A mon avis, le mot de "trahison" n'est employé que dans le titre... Rien dans ce que j'ai lu ne laisse supposer que l'auteur dénonce une quelconque "trahison". Le titre est d'ailleurs en contradiction avec le contenu du livre, puisqu'il n'est pas question des "élites allemandes", terme trop général, mais de ce que l'auteur traduit par "bourgeoisie culturelle". Pour moi pour parler d' élites en général, il aurait fallu intégrer les junkers et autres aristocrates allemands, la bourgeoisie industrielle,etc... bref ce que Baechler appelle la bourgeoisie possédante dont "le statut repose sur la fortune" (
Besitzbürgertum )
Donc clairement le titre est un peu trompeur, car ici, il n'est question que "d'un nouveau groupe social" qui se constitue dans "les pays germaniques", la bourgeoisie culturelle ou cultivée appelée
Bildungsbürgertum en allemand. Baechler dit que le terme est intraduisible car ce "groupe social", composé, pour aller vite, de gens diplomés, cultivés, passés par l'université, n'existe pas en France. Allégation surprenante, car il y a bien des juristes, des scientifiques etc... en France, bref une "intelligentsia" ou une bourgeoisie cultivée, mais je n'ai pas encore lu les développements de l'auteur ce ce particularisme étrange.

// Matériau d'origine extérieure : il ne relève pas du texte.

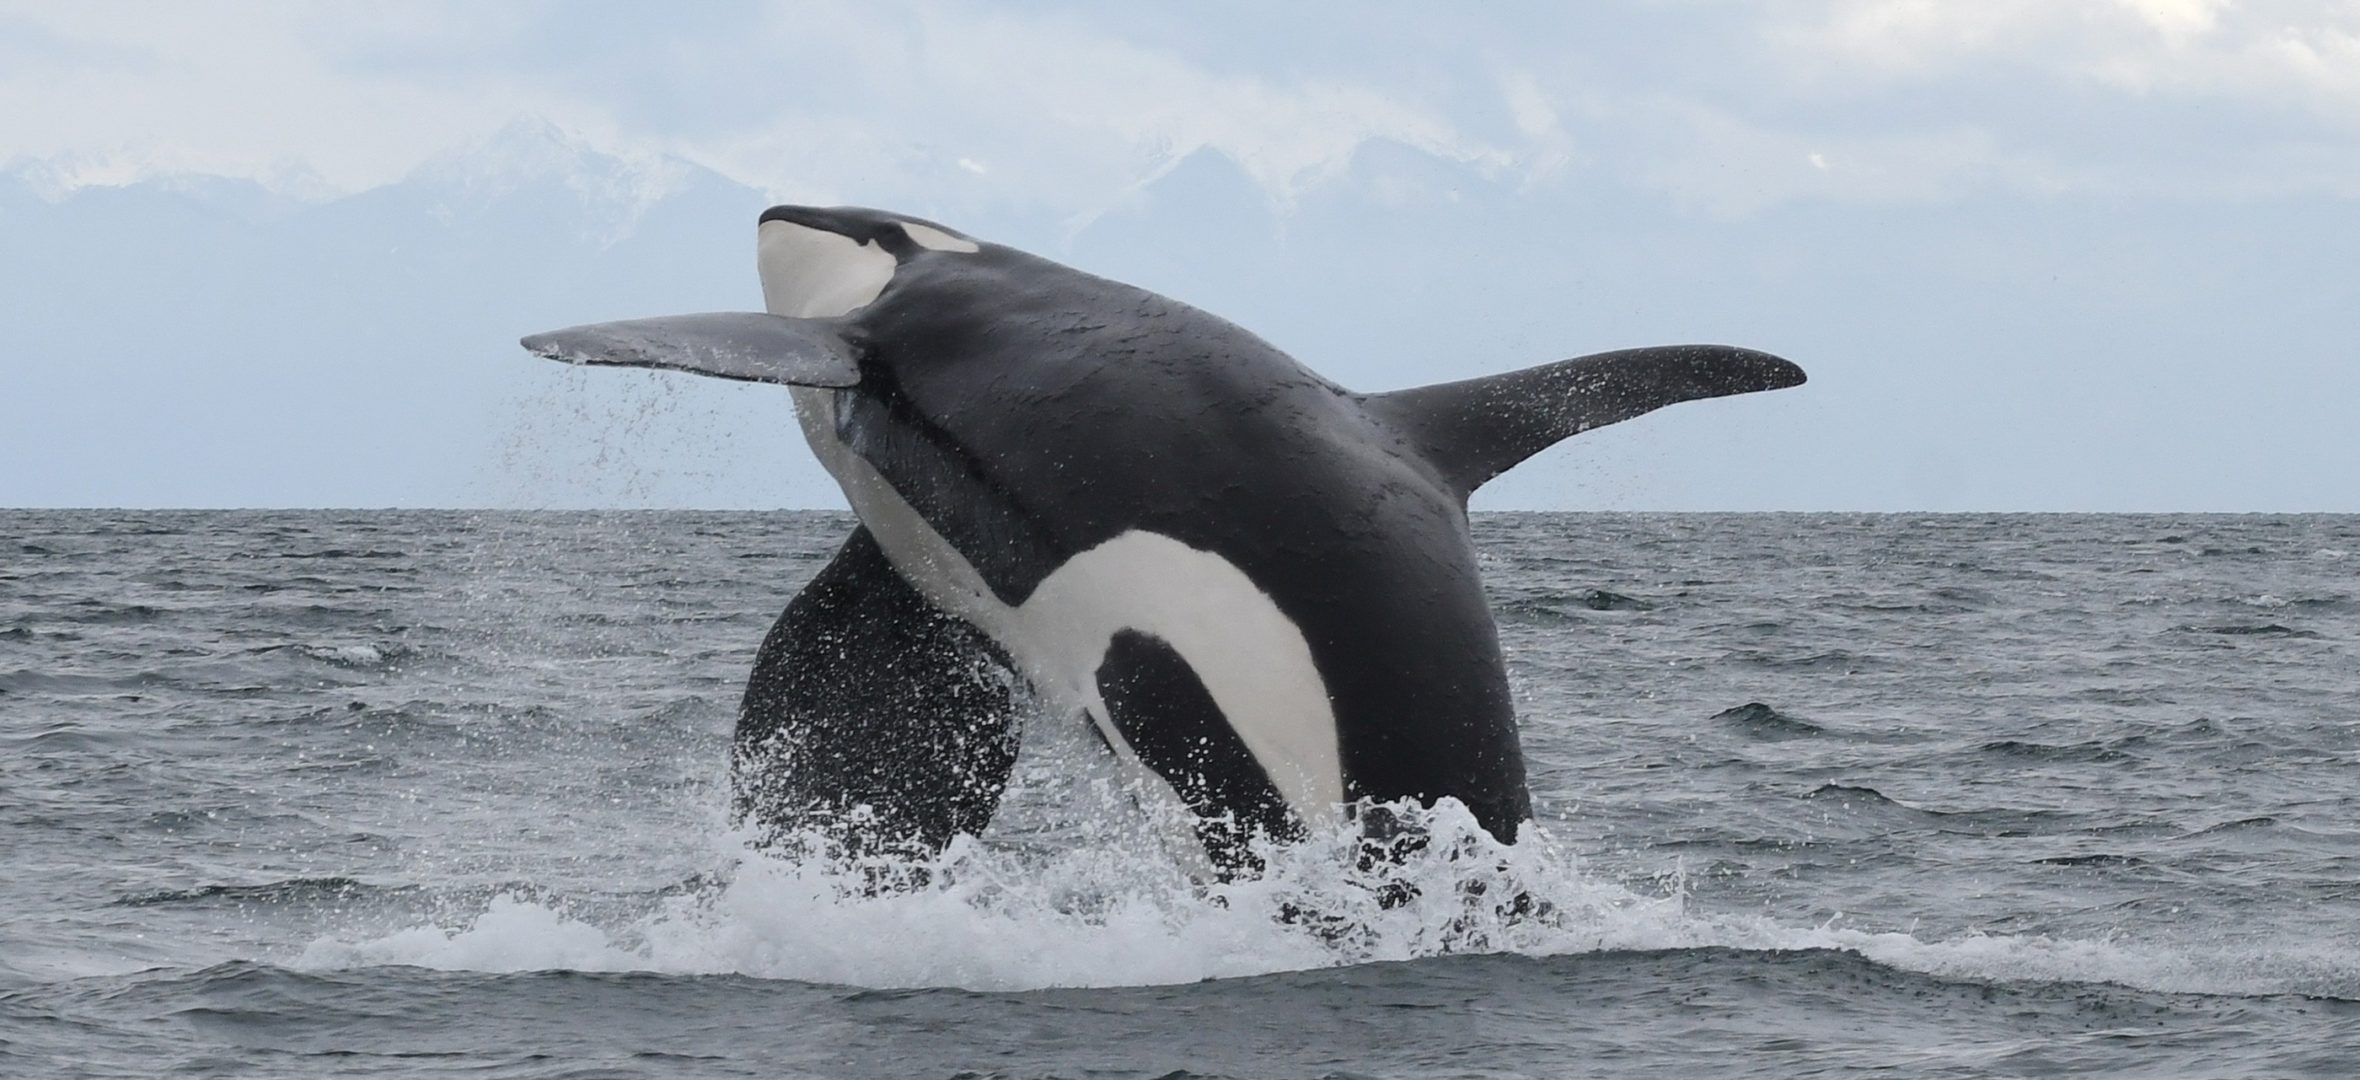 An orca breaching.

Quant à la notion de trahison, je n'ai pour l'instant rien vu qui reprendrait cette "accusation" dans le contenu du livre, qui semble décrire l'évolution de cette bourgeoisie culturelle, libérale et humaniste jusqu'en 1870, puis subissant une crise identitaire sous le IIe Reich dont la réponse serait le nationalisme, puis un glissement vers ce que l'auteur appelle "le réalisme héroïque" pour répondre au traumatisme de la défaite, jusqu'à l'avènement du nazisme, devant lequel la réaction de notre groupe social sera "illusions, collusions et désillusions" (sous-titre d'un chapitre). Bref, dans le détail ça promet d'être passionnant, mais il me semble que le titre est trompeur, car je n'ai toujours pas saisi qui ou quoi aurait été trahi...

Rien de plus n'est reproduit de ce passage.